В начале 1897 года он ставит комедию Шекспира «Много шума из ничего», в конце 1897 года — комедию Шекспира «Двенадцатая ночь». Ставит, кажется, совершенно так же, воплощая бытовые формы прошедшей жизни. Замысел постановки «Много шума из ничего» возник у режиссера в Турине, в затейливом замке, где в залах, переходах, в башнях, в часовне так удобно развивать сценическое действие. Причем показательно, что замок этот, построенный в девятнадцатом веке, как копия-стилизация подлинного старинного замка, вполне удовлетворил Станиславского: ему ведь важна не подлинность, старина сама по себе — ему важно ощущение подлинности прошедшего, которое на этот раз пробудил туринский замок. И снова пишут рецензенты о том, что на сцене «было не представление, а сама жизнь», что «иллюзию жизни» дал Станиславский и в «Двенадцатой ночи». Действительно, сохранившиеся эскизы художника Наврозова и фотографии спектаклей верны Англии шекспировских времен: перспектива городской улочки со старинными домами, вывески харчевен и трактиров, часовня с резной деревянной решеткой, где готов аналой для венчания влюбленных пар. Но для общего решения комедий, для всего актерского ансамбля, для самого себя — исполнителя ролей Бенедикта и Мальволио — Станиславский нашел ту гармонию, которой так недоставало его прочтению шекспировской трагедии. «Сама жизнь» представала здесь в радостном, комедийном аспекте: искрометен был диалог смуглого, белозубого красавца Бенедикта — Станиславского и лукавой Беатриче — Лилиной, прелестна была огромная пауза в конце второго акта, когда Бенедикт случайно узнает, что Беатриче в него влюблена.
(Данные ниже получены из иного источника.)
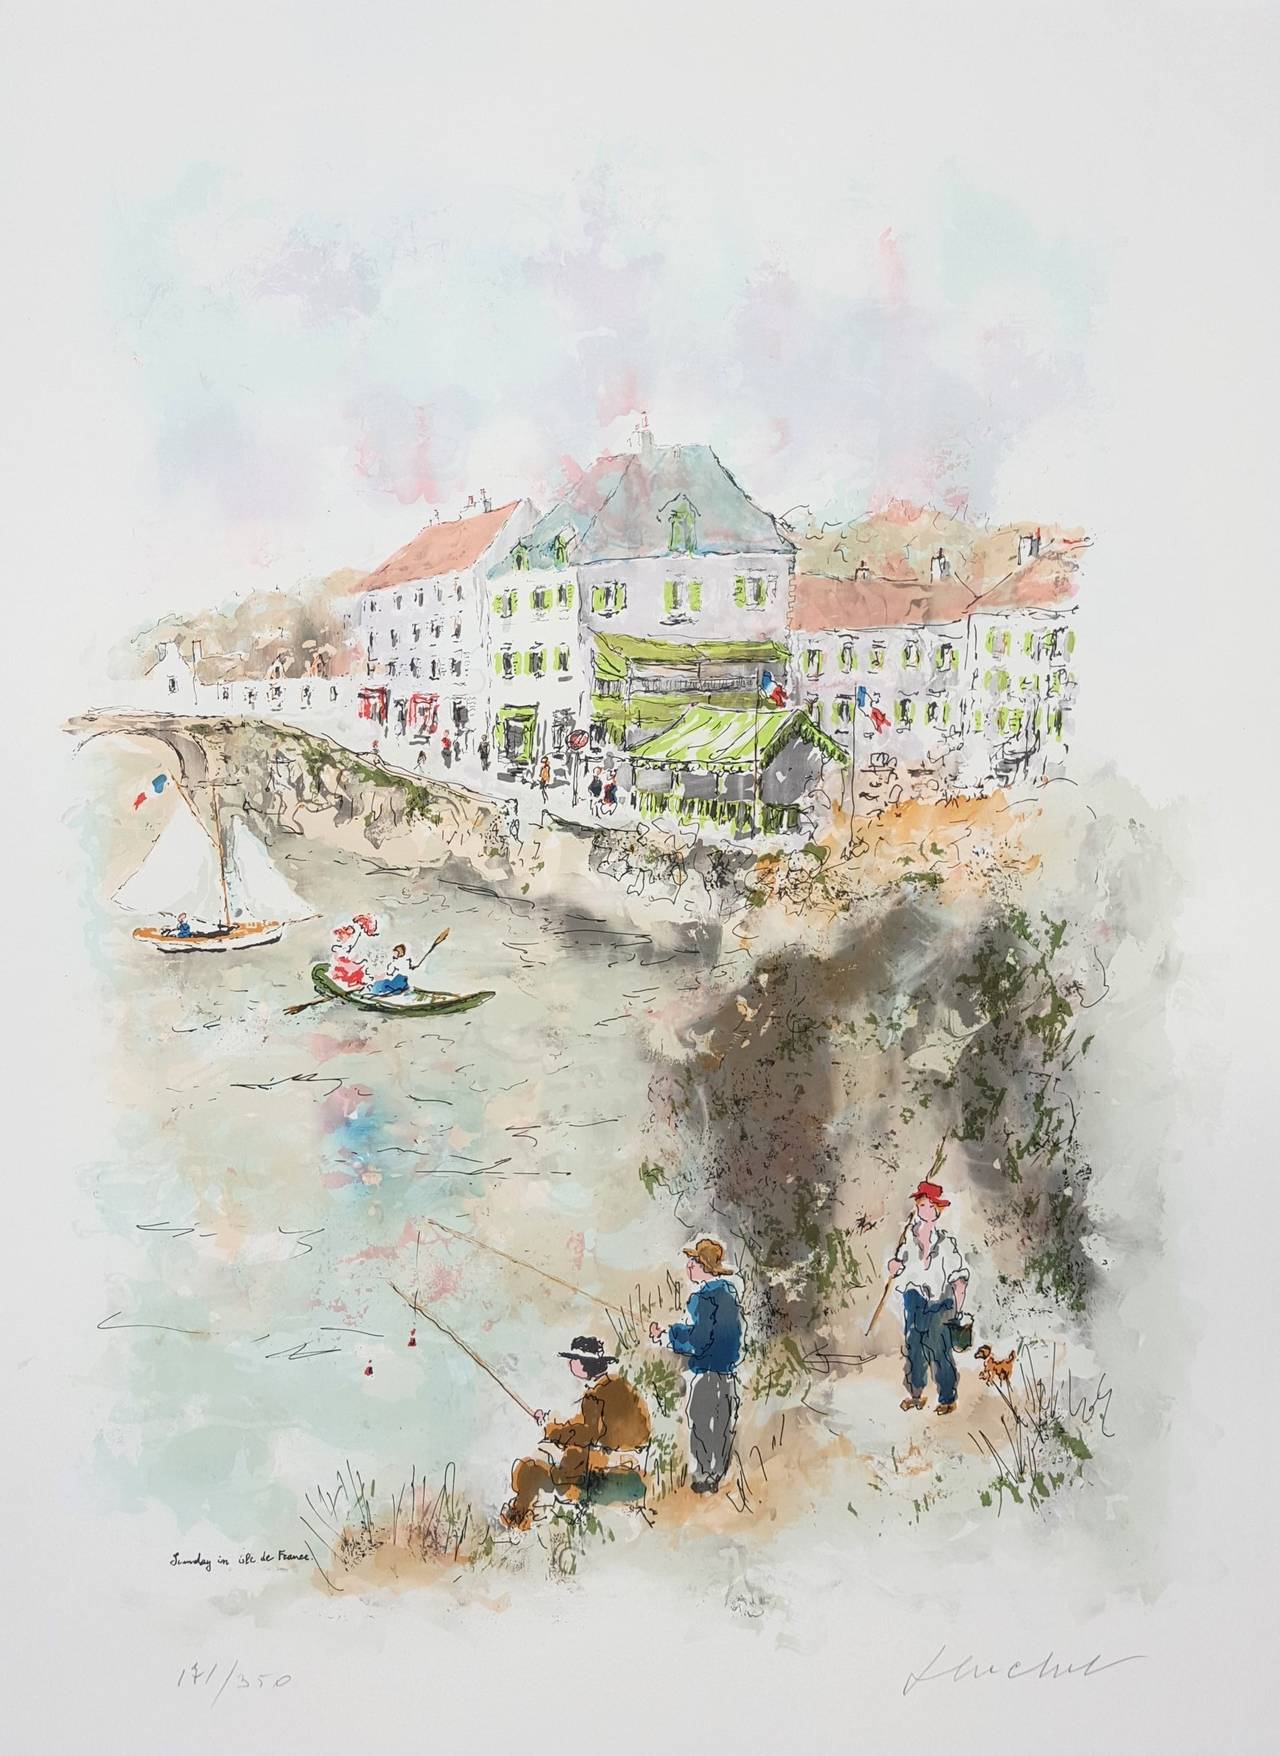 Sunday in the Isle de France /// Contemporary City Street Scene River People Art - Print by Urbain Huchet

В этой роли никто не упрекал Станиславского в «современности» облика, — его герой принадлежал шекспировскому Возрождению, лихим дуэлям, романам, которые начинаются в монастыре или в часовне; руки его сильны и ловки — этот дуэлянт готов защищать свою любовь, свою честь, уютно-прихотливый замок, в котором течет жизнь истинно шекспировской комедии.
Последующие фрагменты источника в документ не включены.